Sycamore Physicians Partners’ application had been filed with the county prior to the county’s imposition of a yet-to-expire moratorium on the consideration and approval of solar projects earlier this year.
Sycamore had asked the county land use services division to certify a 2.7-megawatt photovoltaic solar facility on 20 acres in the unincorporated county area south and west of Hesperia in a rural living land use district on the northeast corner of Fuente Avenue and El Centro Road.
County staff, however, acceding to widespread objections by homeowners in rural desert communities throughout the county who maintain that solar fields are a too-intensive use that is incompatible with nearby residential neighborhoods, recommended that Sycamore’s application for the conditional use permit be denied.
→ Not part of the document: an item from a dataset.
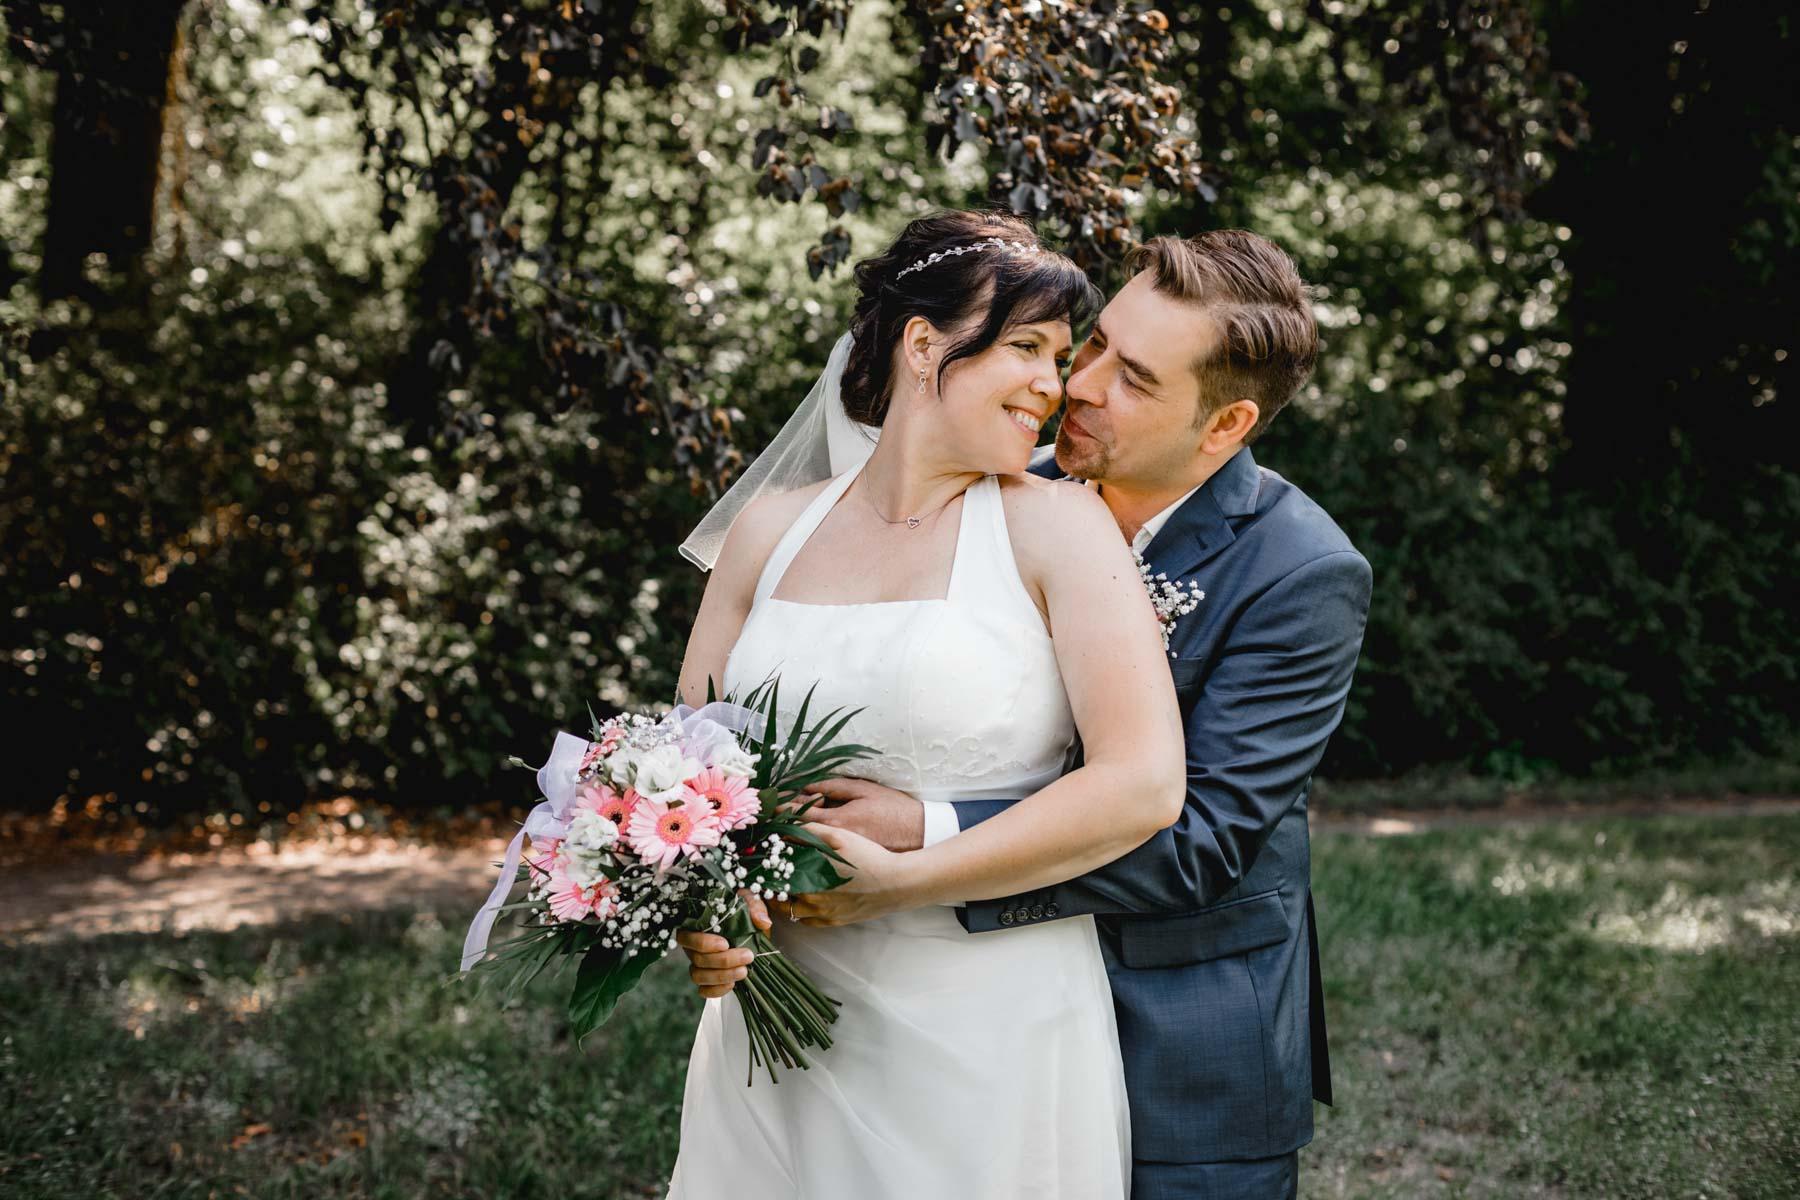 Brautpaar Hochzeitsfotograf Berlin
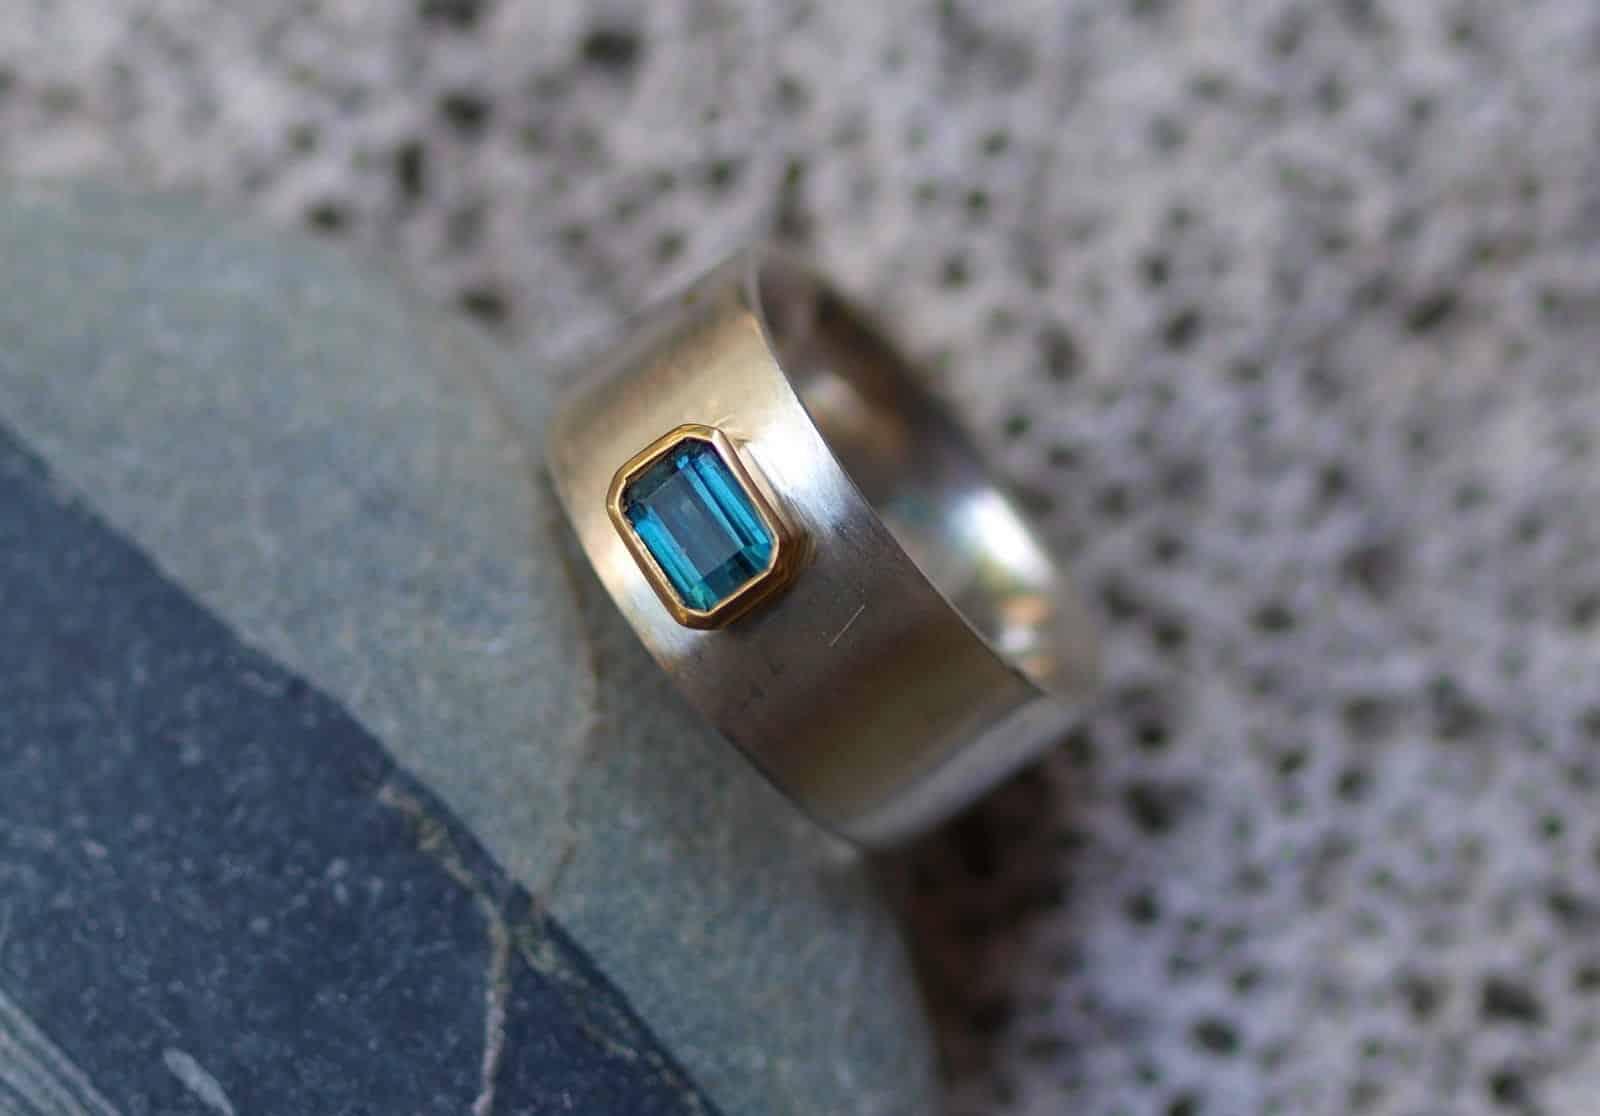 Designer Ring Silber 925 Gold 750 Turmalin Indigolith 0,7 ct blau grün Unikat

According to the staff report, the project would have a “significant impact on the environment, specifically with regard to scenic resources.” According to county planning director Terri Rahhal, at a previous public hearing on August 8 there was considerable public opposition to the project and “expressed concerns about land use compatibility, given the location of the project site in an area surrounded by rural residential uses.”
Rahhal said the planning commission made a tentative finding at that time that the proposed project “would not be compatible with the rural character of the Oak Hills community and would therefore not be consistent with the Oak Hills Community Plan.”